Ever wondered how many words a professional writer produces in a working day? I’ve heard of one successful novelist who tootles down to his shed after breakfast, writes no more than 1,000 words in the morning, takes a leisurely lunch and then edits those same words in the afternoon. Hardly a punishing schedule, in my opinion. And yet working at that pace, five days a week, is enough to produce two novels, each of 130,000 words, every year. Redrafting many times in order to get it right can halve that output, of course, but if a novelist releases one book a year it is usually deemed to be a productive career.
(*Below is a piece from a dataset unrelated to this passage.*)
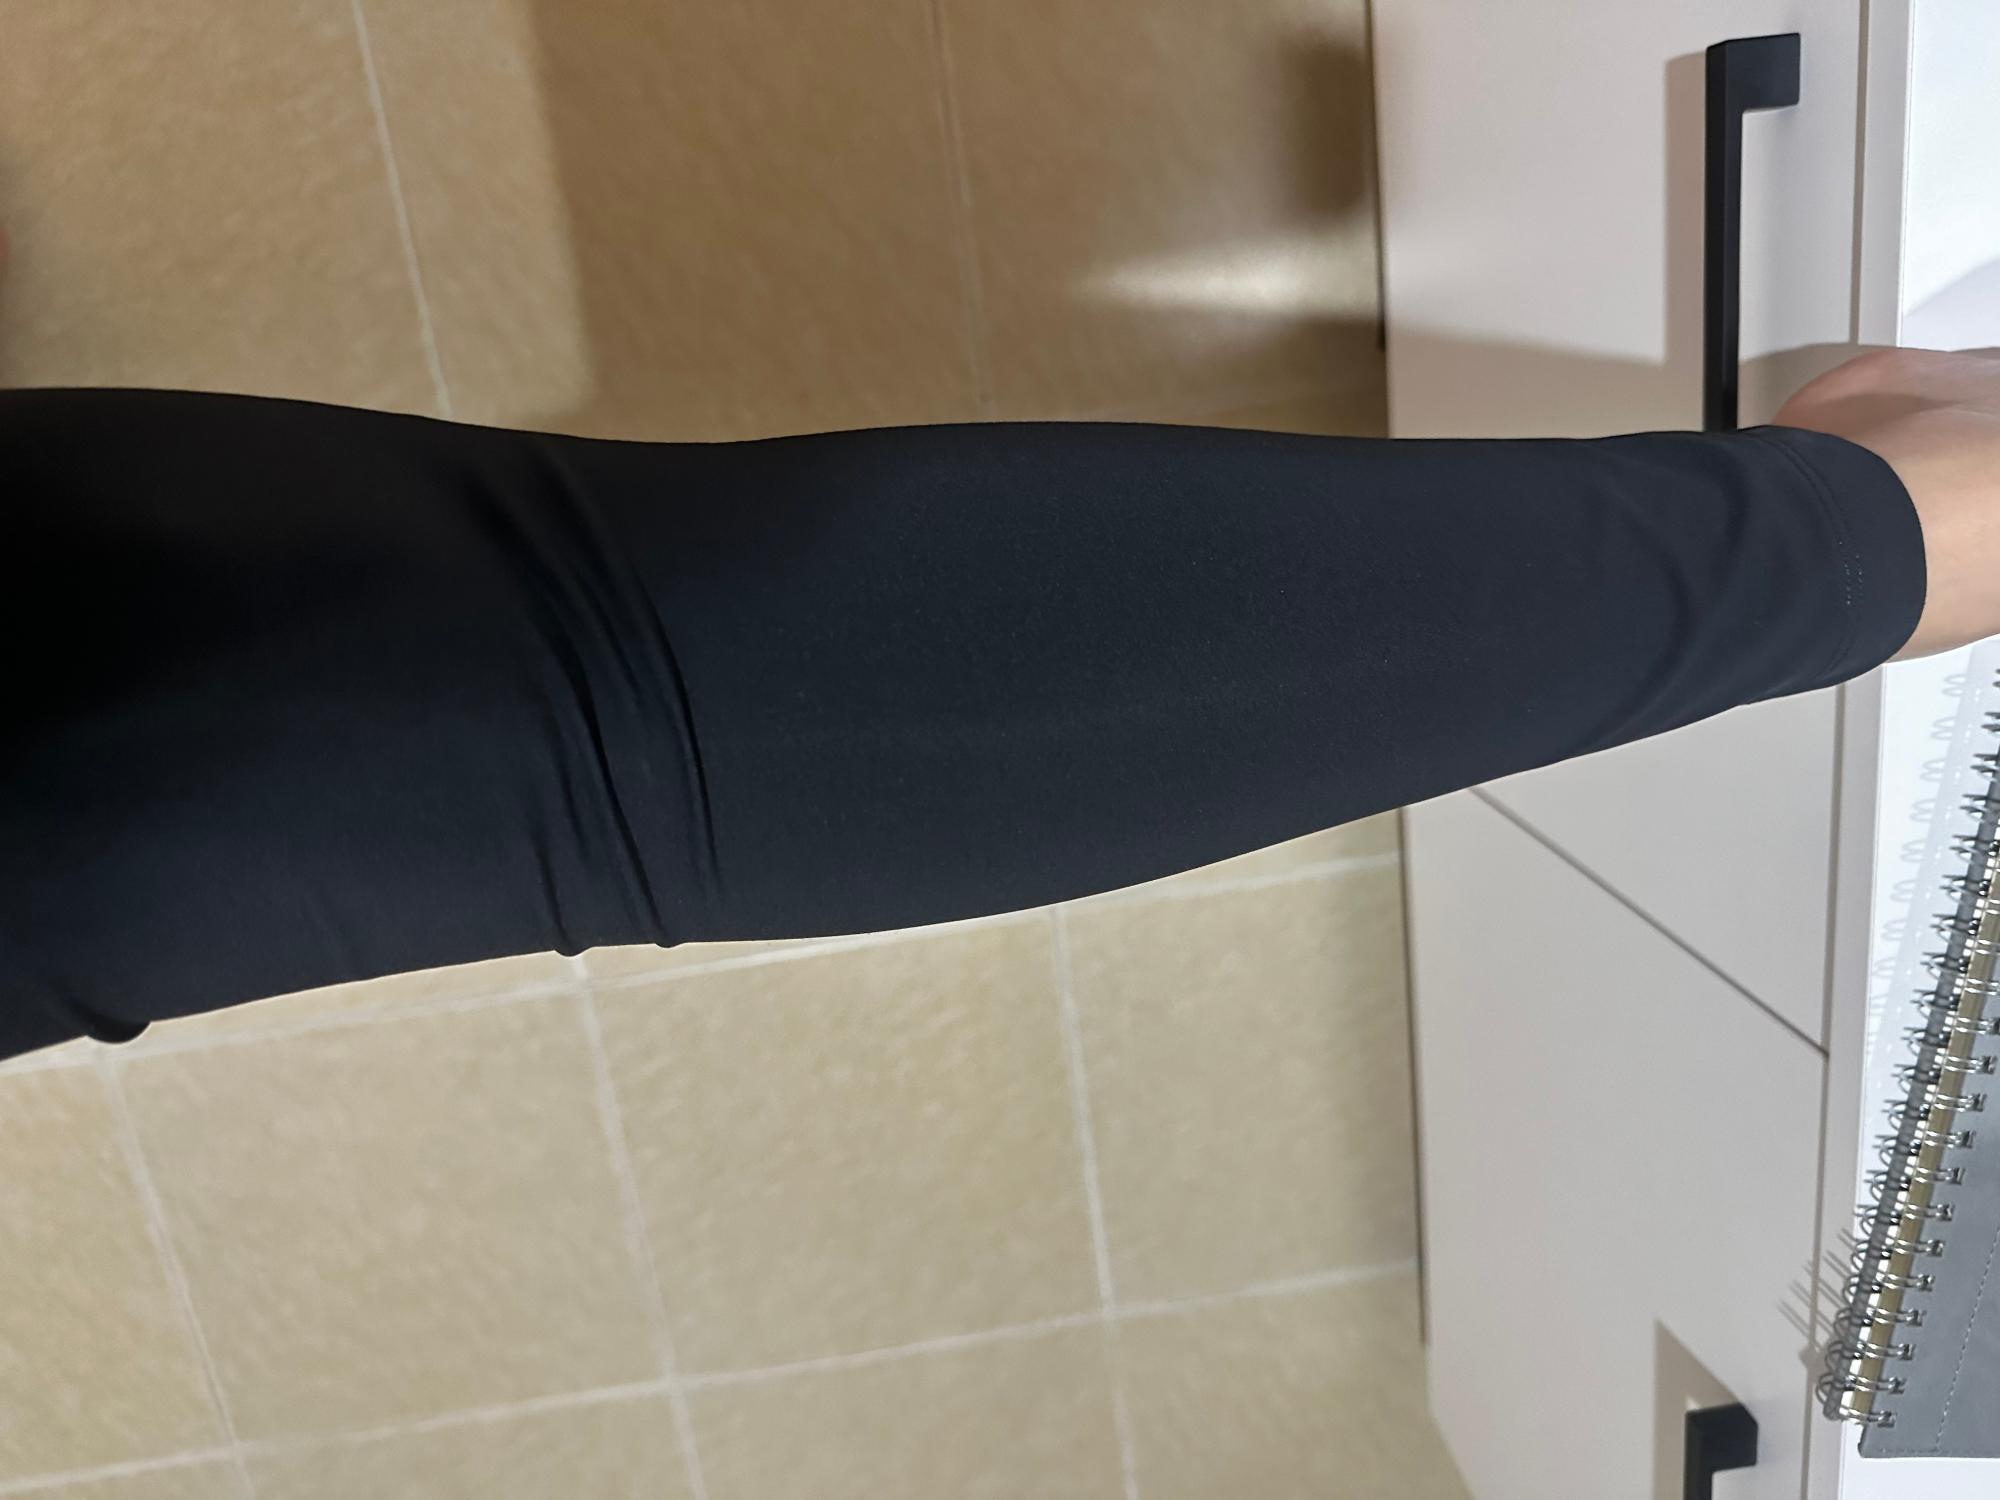 Calzedonia Tights Lost Shape, Became Loose in a Month - Xolvie

That’s fine for full-time novelists who are fortunate enough to know that their words will be published when completed, but for amateur authors trying to squeeze writing time into their busy lives it’s another story altogether. Holding down a day job and a family and then trying to produce 1,000 more-or-less publishable words before bedtime is hugely challenging for anyone. My own novel progressed in fits and starts over many years. A typical day’s contribution, when I actually managed to write anything at all, was often around 500 words. Any movement in the right direction felt good, no matter how small. I found that the word count progressed faster during dialogue scenes, and things moved much more slowly during descriptive passages.

Actually, if I average out the total words written in my novel over the 7 year period in which they were produced, it only comes to 75 words a day. Not exactly blistering performance. Kids write more than that each day in their illiterate txt msgs.

There were times when I was able to take the novel on ‘holiday’ with me, and this was when the word count really started to fly. I discovered that I could comfortably manage 2-3,000 words a day, tucked in a Mediterranean villa with no other work to do apart from occasional sunbathing. One week I experimented to see how far I could push the limits of my creative output. The word count nudged upwards: 4,000 a day, 5,000 a day, 6,000 a day. Then I relaxed and dropped back to 3,000 for a couple of days. I had this section of The Sphinx Scrolls plot already mapped out and my characters were sufficiently developed to enable me to progress quickly.

Then, totally ‘in the zone’, I wrote a massive 7,000 words between sunrise and midnight. I know, you’re thinking quality not quantity. This was all first draft stuff, of course, so literary perfection wasn’t essential: getting the story completed was the goal. I knew I could then go back and tidying it all up (which is what I’m doing now). I think it’s more important to finish a very rough first draft than to have a few pages of exquisite English that never become a novel because the writer’s progress was so slow that they couldn’t maintain their motivation.

The level of concentration needed to write 7,000 words in a single day was phenomenal. Other people were staying at the villa too, but I barely noticed them even though I was working on the kitchen table and they were cooking and chatting around me. At the end of the day I felt as if I was punch drunk, my head throbbing from the marathon it had been asked to run. It was like being immersed in a virtual reality, living and breathing the story of the novel and the lives of the characters. My dreams were about the novel. My waking thoughts were about the novel. It was a great experience.

It takes a long time to warm up enough to be able to get the writing juices to flow so easily. You can’t do it from a cold start. You have to know your story, your characters, your style and your goals for the chapter. You also have to sleep well, be in a relaxed environment, and have people to feed you, water you, and even bathe you if necessary. You have to make sure your brain doesn’t need to think about anything except writing.

Getting all of these stars to align is a regrettably rare occurrence for most of us. The editing sweep I’m doing at the moment involves a mixture of reading, writing and rewriting. It’s been two weeks since I started this edit and my progress has averaged just under 3,000 words a day. The stars are not in their magical alignment yet. When they do, I’ll look forward to some amazing progress.

This blog is about 750 words, but that doesn’t count.